Preclinical data suggest that LPD002 meets expectations, with safety profiles highlighting its design advantages. At the cellular level, the drug produces almost no activation in resting T-cells, fulfilling the original intent of the alpha-biased design.

Furthermore, pharmacokinetic data show that its half-life is longer than that of the control molecule (2149), with superior safety. This means that clinical dosing can achieve more stable plasma concentrations and a broader therapeutic window, lowering treatment risks.

LPD002 pharmacokinetic data

In terms of efficacy, LPD002 has also performed exceptionally well.

Studies indicate that the drug is highly specific toward T-cells, effectively inducing STAT5 phosphorylation and promoting cell proliferation in activated CD4+ and CD8+ T-cells, with biological activity levels comparable to the control molecule. In in vivo cell line-derived xenograft (CDX) models, LPD002 similarly demonstrated potent anti-tumour activity, not only significantly inhibiting tumour growth but even achieving complete tumour clearance.

Although these are preclinical results, LPD002 has delivered satisfactory outcomes across all metrics. On the premise of comparable efficacy, it has further optimised the safety margin, already demonstrating the potential of a differentiated molecule.

As an upgraded version of IO therapy, LPD002 not only bolsters tumour-immune potency, but its tolerability and long-acting nature also provides an excellent foundation for future combinations with ADCs or other targeted drugs. With the sector heating up, the potential value of LPD002 continues to rise.

Lepu Biopharma: Constant Evolution over Chasing Trends

Having examined these two molecules, a pattern emerges when looking back at Lepu as a company: while its R&D focus has remained steadfast on ADCs and IO, the pace of its technological evolution has been remarkable.

The first stage was defined by single-target ADCs and broad-spectrum IO. Pucotenlimab (PD-1) and MRG003 (EGFR ADC) are the hallmarks of this period; both products have transitioned to the commercial stage, helping the firm establish its foundational clinical and commercial capabilities while achieving its first annual profit.

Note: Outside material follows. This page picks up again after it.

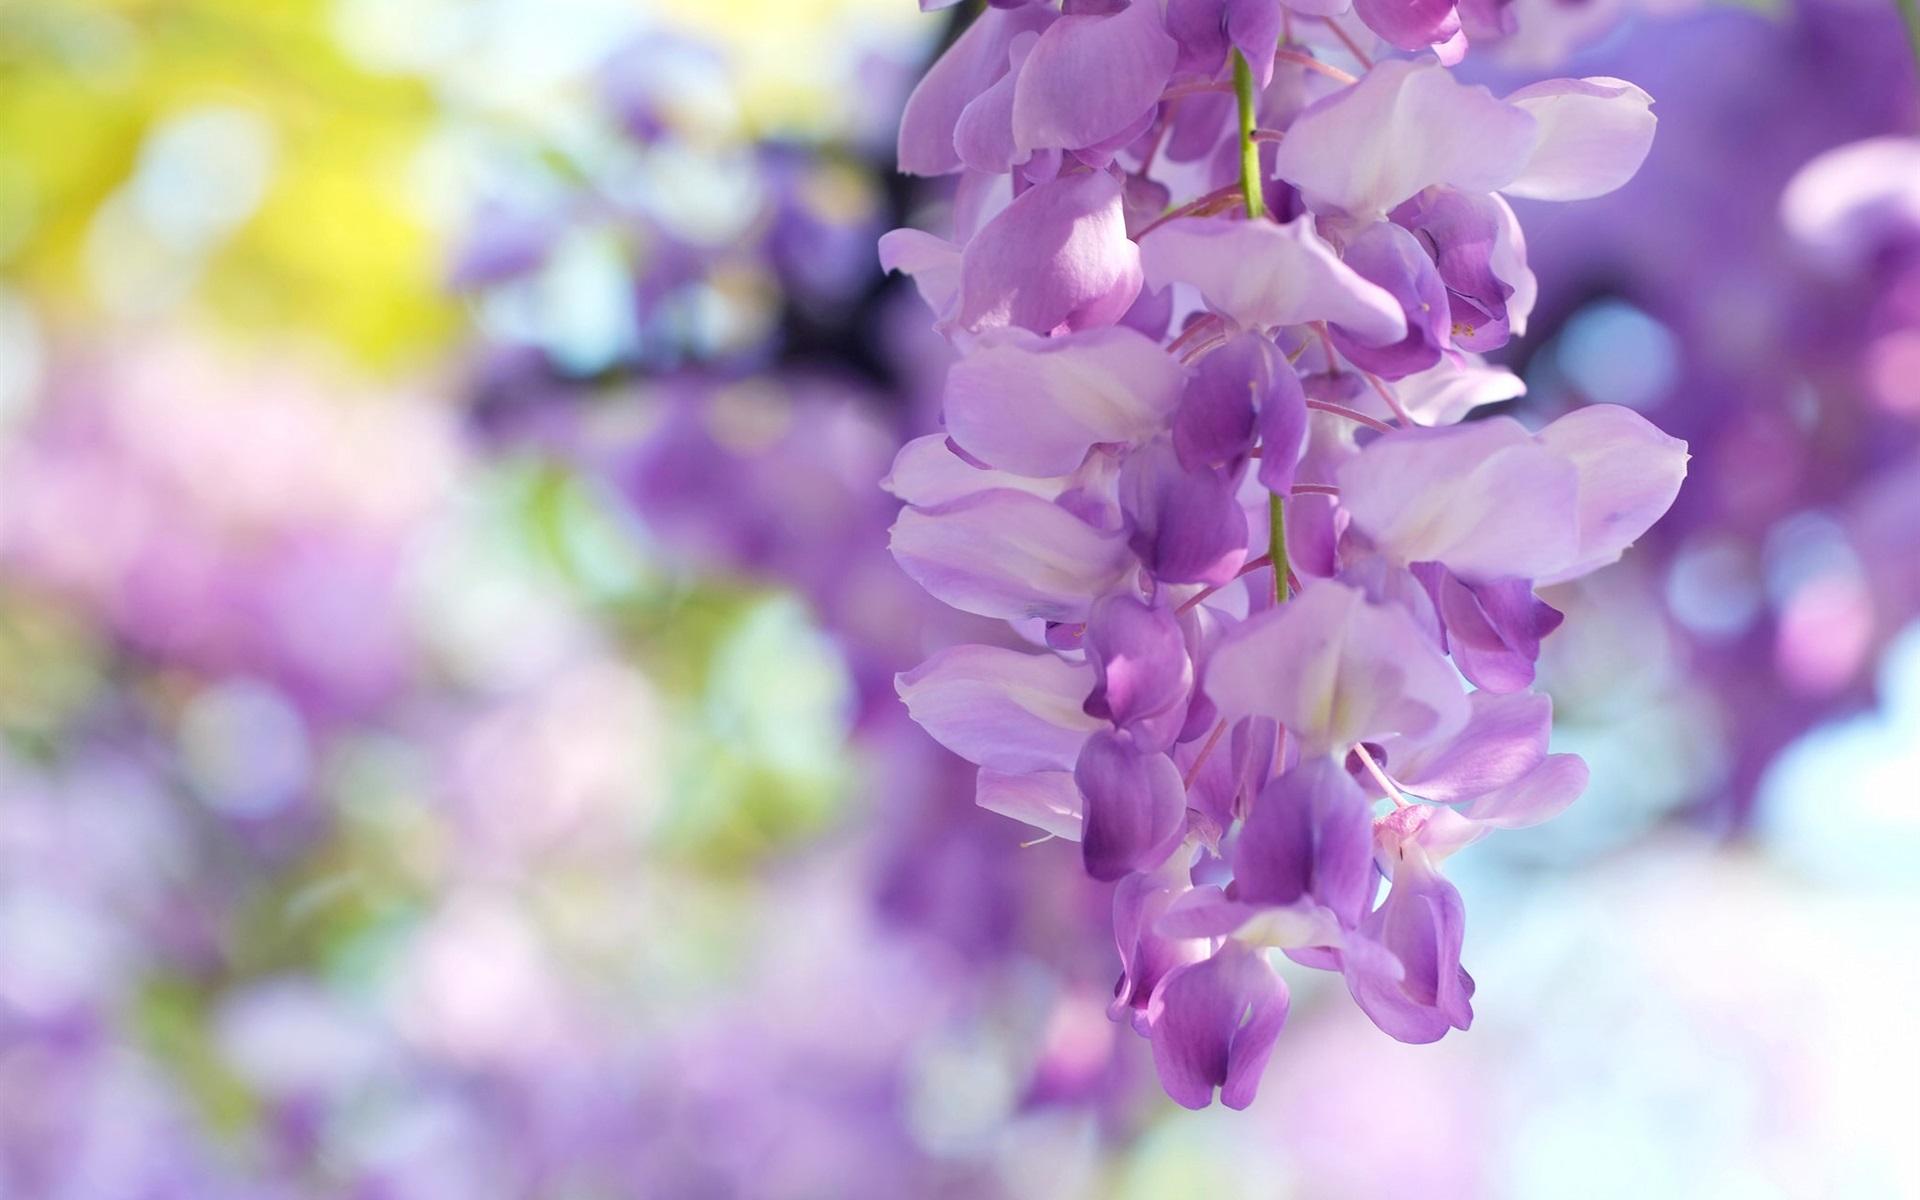 壁紙 藤の花 薄紫 1920x1200 Hd 無料のデスクトップの背景 画像

However, Lepu has not limited itself to the advantages of its current portfolio. Instead, it has maintained a long-term commitment to foundational technological innovation. Over the past few years, the company has diligently refined its R&D platforms — introducing next-generation conjugation technologies, optimising payloads, and enhancing antibody engineering capabilities. This has gradually built a more stable and reproducible R&D system, nurturing a wealth of high-quality pipelines.

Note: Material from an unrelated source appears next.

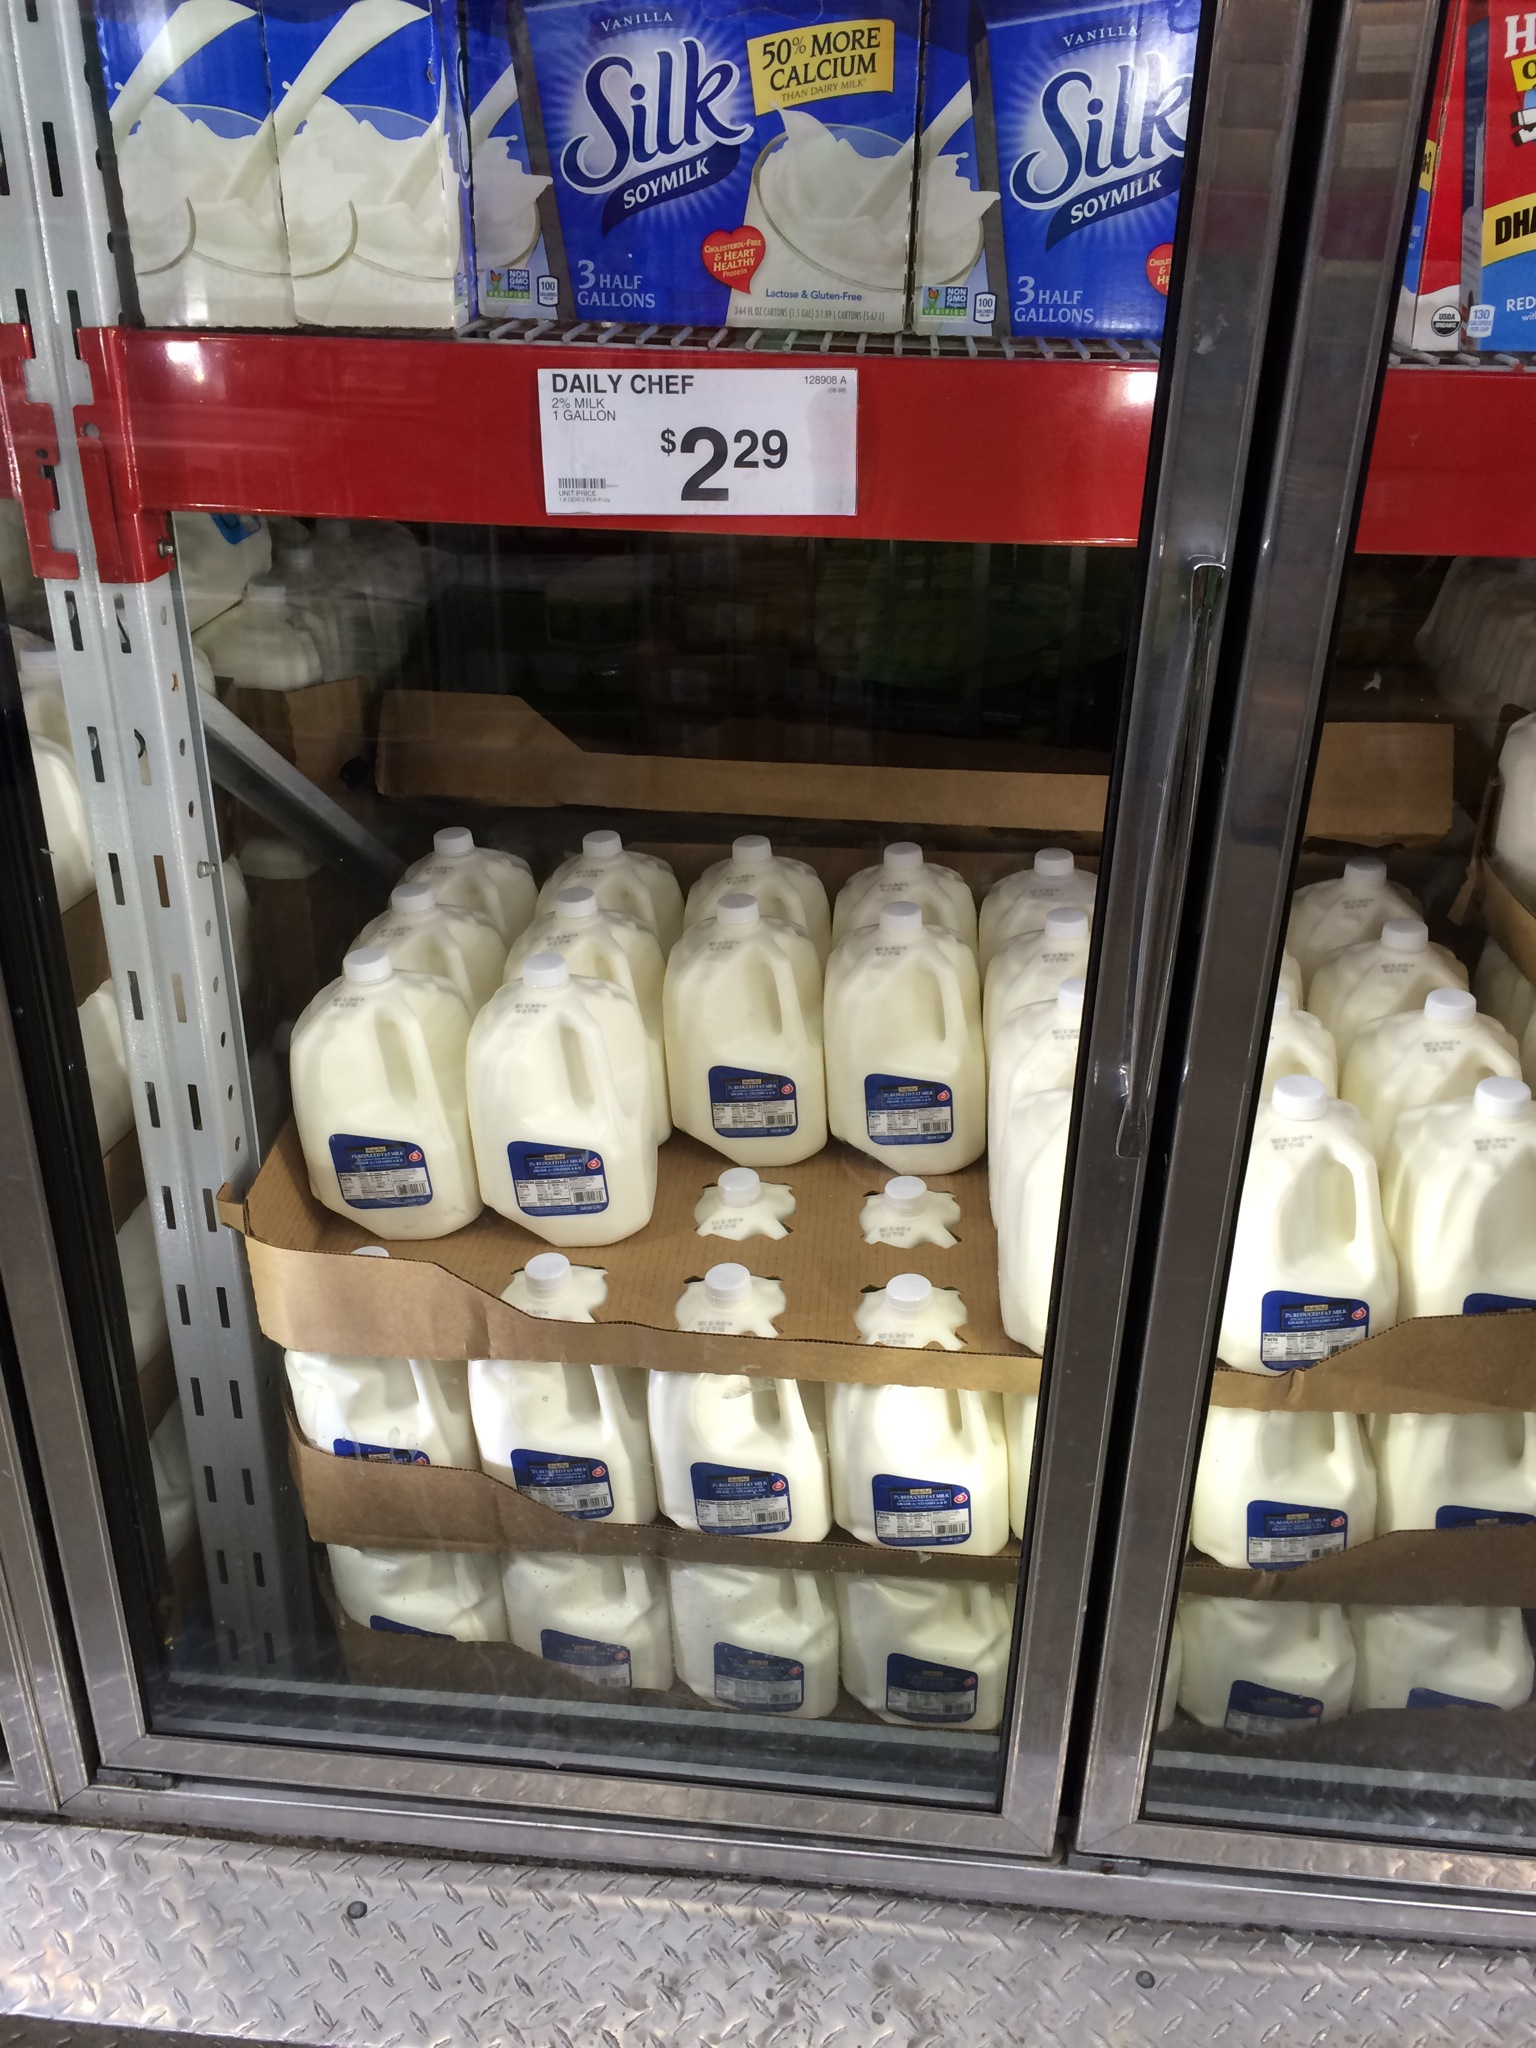 sam s club vs costco prices costco milk 2 69

These unnoticeable accumulations are the true reason the company was able to rapidly launch MRG008 and LPD002.

Lepu’s R&D strategy has become increasingly clear: identify the critical bottlenecks within known pathways for each direction, and then design targeted solutions.

MRG008 aims to solve the coverage issues for low or negative EGFR expression, while LPD002 addresses PD-1 therapeutic potency and IL-2 toxicity. These are authentic clinical pain points rather than attempts to chase trends, an approach that demands a high level of clinical insight and technical proficiency from the R&D team.

Based on the information available, the design concepts and preclinical data for both MRG008 and LPD002 provide a compelling case.